----- Dataset records

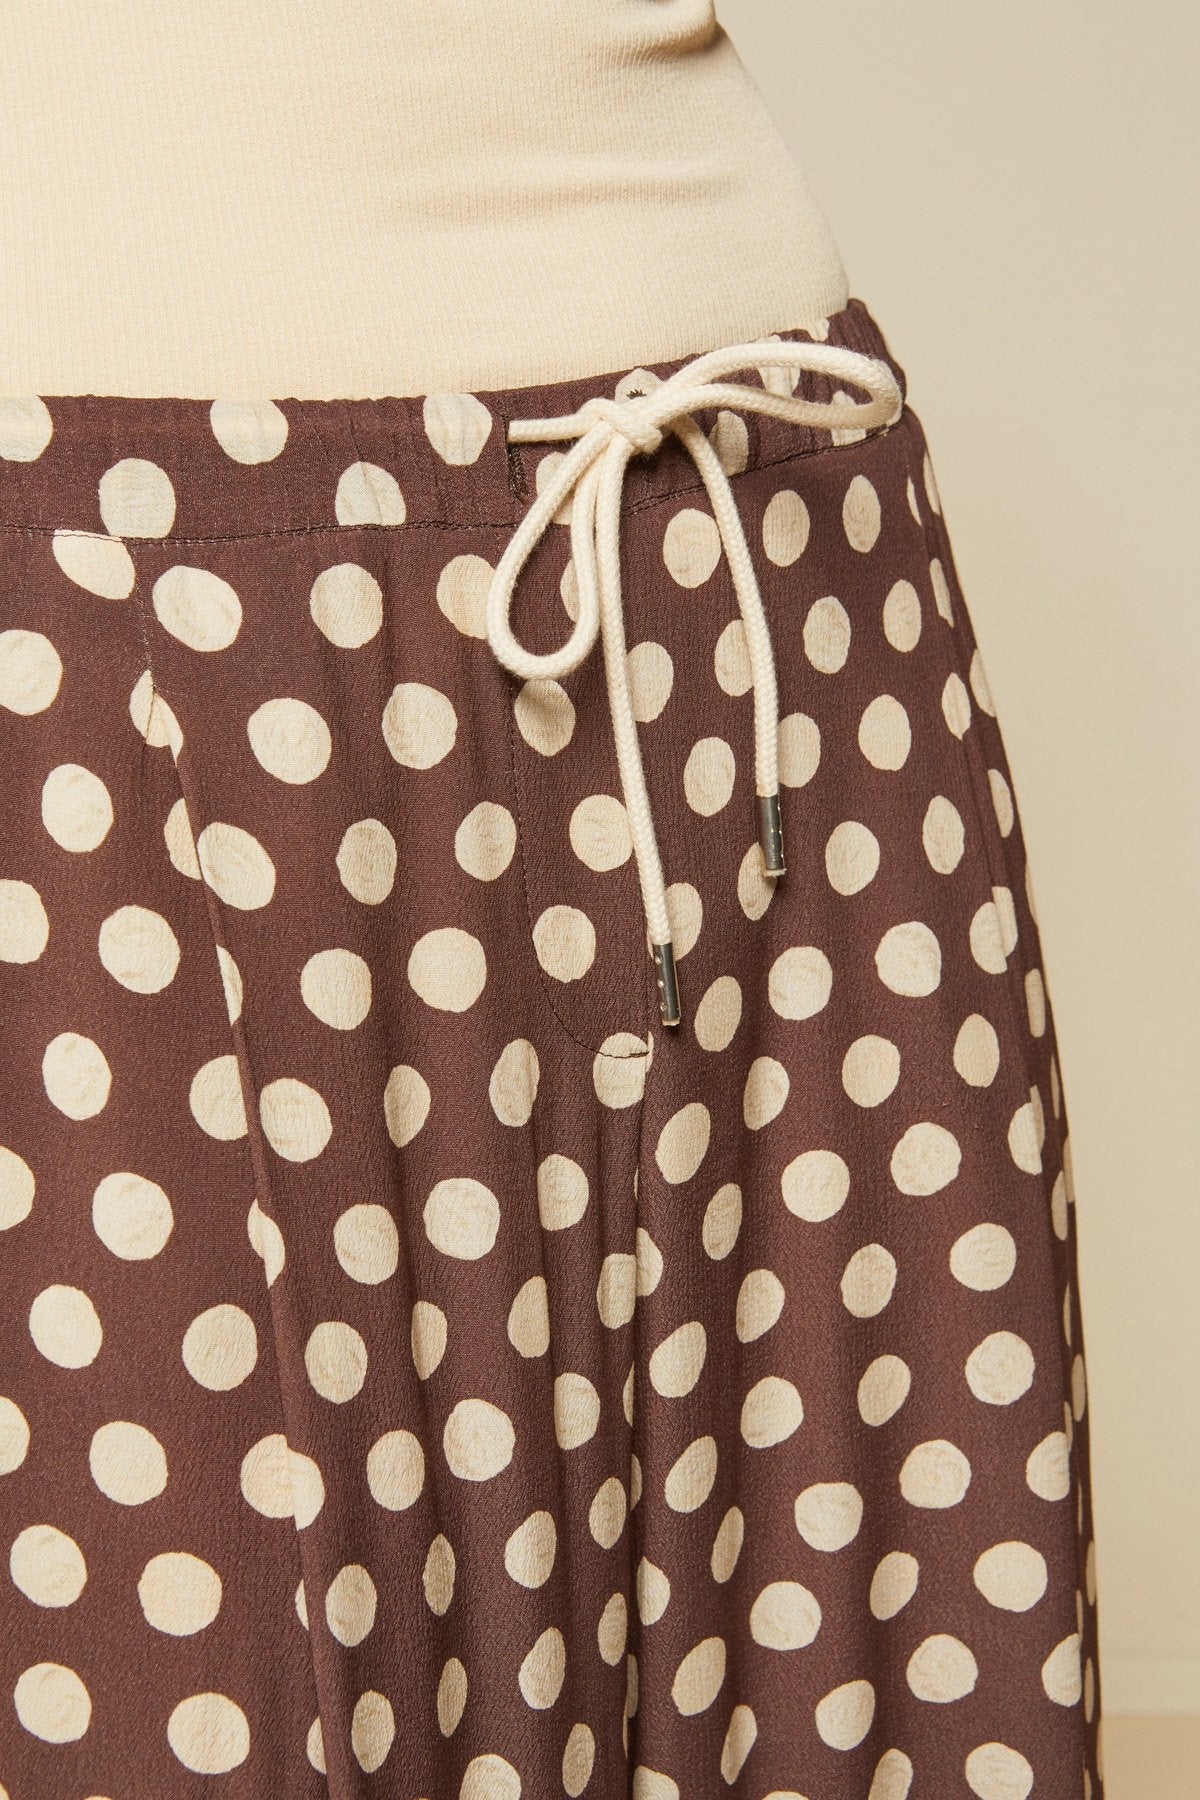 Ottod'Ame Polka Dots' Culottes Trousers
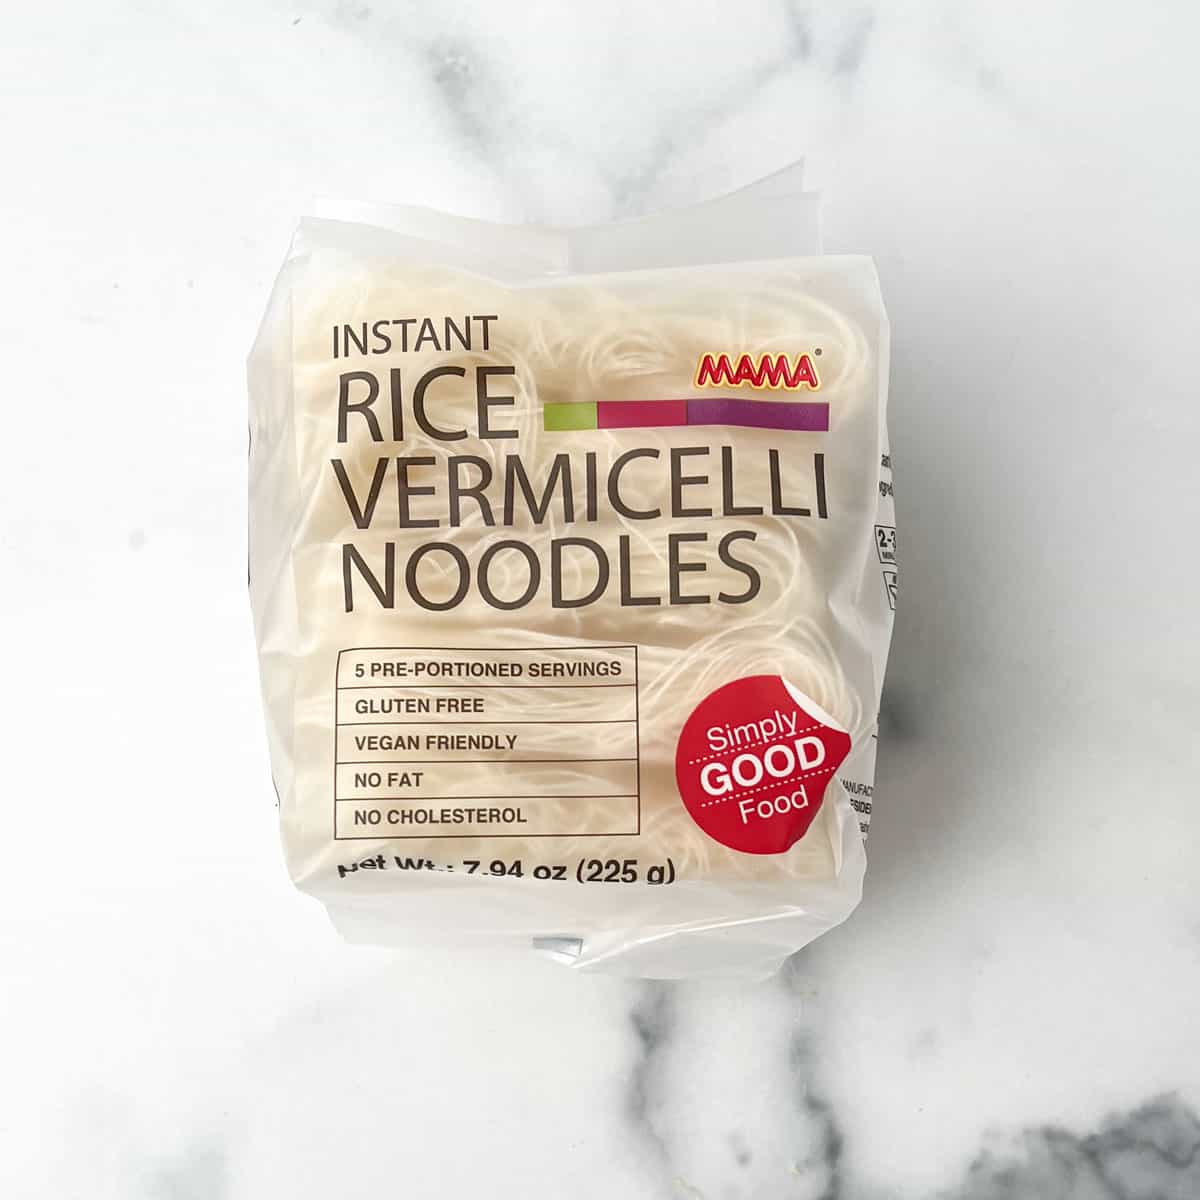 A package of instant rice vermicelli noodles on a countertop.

----------
----- Dataset records

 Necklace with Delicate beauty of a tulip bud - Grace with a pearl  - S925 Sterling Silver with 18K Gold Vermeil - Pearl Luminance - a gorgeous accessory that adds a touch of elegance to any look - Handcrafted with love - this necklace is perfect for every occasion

----------

- **Task**
Now transcribe the lines above exactly, starting at the line containing "Ottod'Ame Polka Dots' Culottes Trousers" and ending at the line containing "A package of", both lines included, pictures excluded.

- **Answer space**
 Ottod'Ame Polka Dots' Culottes Trousers
 A package of instant rice vermicelli noodles on a countertop.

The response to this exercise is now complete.